This can than probably be manipulated further more

yaron · August 13, 2023, 12:56pm

Let’s discuss the RTL work in the relevant thread unless you think we should open another one to discuss RTL in general ant not only for the Narrative Web Report.
This Maqaf handler should be an easy fix, RTL is a long term mission and requires a lot of QA from our end.

I updated about my progress in the RTL thread, it seems possible yet requires some more work.
Regarding the desktop app - we need to see how we can load the UI using GNOME Builder/Anjuta/However their calling it these days and see if forcing RTL is efficient or requires manual work and how much of it.
We’ll continue over there.

avma · August 13, 2023, 1:15pm

Yes it’s a good idea, i think we should, there are quite a lot of RTL related staff I neglected to raise requests for fix, it would be nice to see it all at the same place from now on…

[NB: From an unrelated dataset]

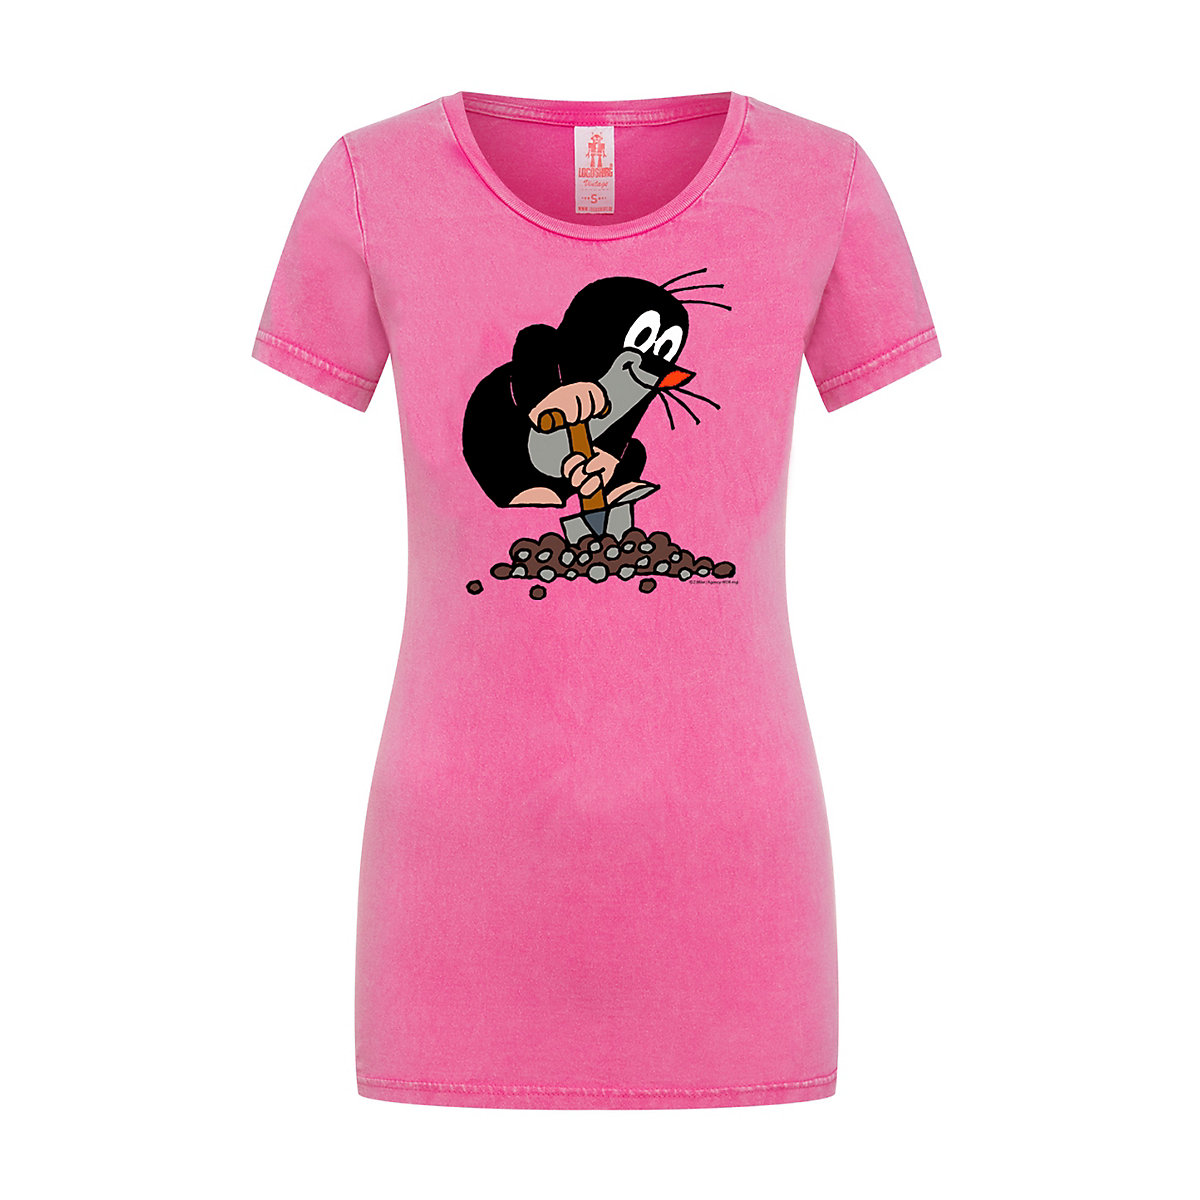 Logoshirt® Logoshirt T-Shirt pink

yaron · August 13, 2023, 1:30pm

Regarding your fix: it’s a good one but it should be more general and cover cases for both places and dates, I thought about possibly adding a function that detects the Maqaf in the translation and removes it if unnecessary (and adding where needed) this way we can make sure that adding or omitting Maqaf in the translation is irrelevant and the text will read just fine in all cases.

Specifying the Hebrew dates in their Hebrew name is only part of the solution, BTW is there a Hebrew calendar support? Should we add that as part of the RTL thread or another thread about all the possible calendars?

Nick-Hall · August 13, 2023, 4:16pm

Let me know of any RTL issues in the GUI. I’ll try to fix them.

Nick-Hall · August 13, 2023, 4:18pm

Our dates support the Hebrew calendar. However the calendar reports and “On this day” report probably only support the Gregorian calendar at the moment.

Nick-Hall · August 13, 2023, 4:36pm

Are we ready to merge PR #1496 - Add support for Hebrew prefixes?

Will you need any help with the new translated strings? I could do a search and replace on the po file.

avma · August 15, 2023, 8:38am

Sure, Lets have @yaron take a look at it too…
Thanks for offering, I think I’ll manage withe the translate part but i do need help with the Hebrew ate handler. I’ve got all the pieces working separately, but I’m heaving some problems putting it all together.

Nick-Hall · August 15, 2023, 2:31pm

What issues are you having with the date handler?

avma · August 15, 2023, 3:46pm

@Nick-Hall
The current “As Is” situation is that both date quality and date tape are not functioning. If the date is not a “normal” date, it is not possible to handle while logged in in Hebrew.

As i mentioned before, i copied one of the recent (new format) so now i can get one or the othere type “about” or quality “anything other then normal” but not both. span and range are broken too.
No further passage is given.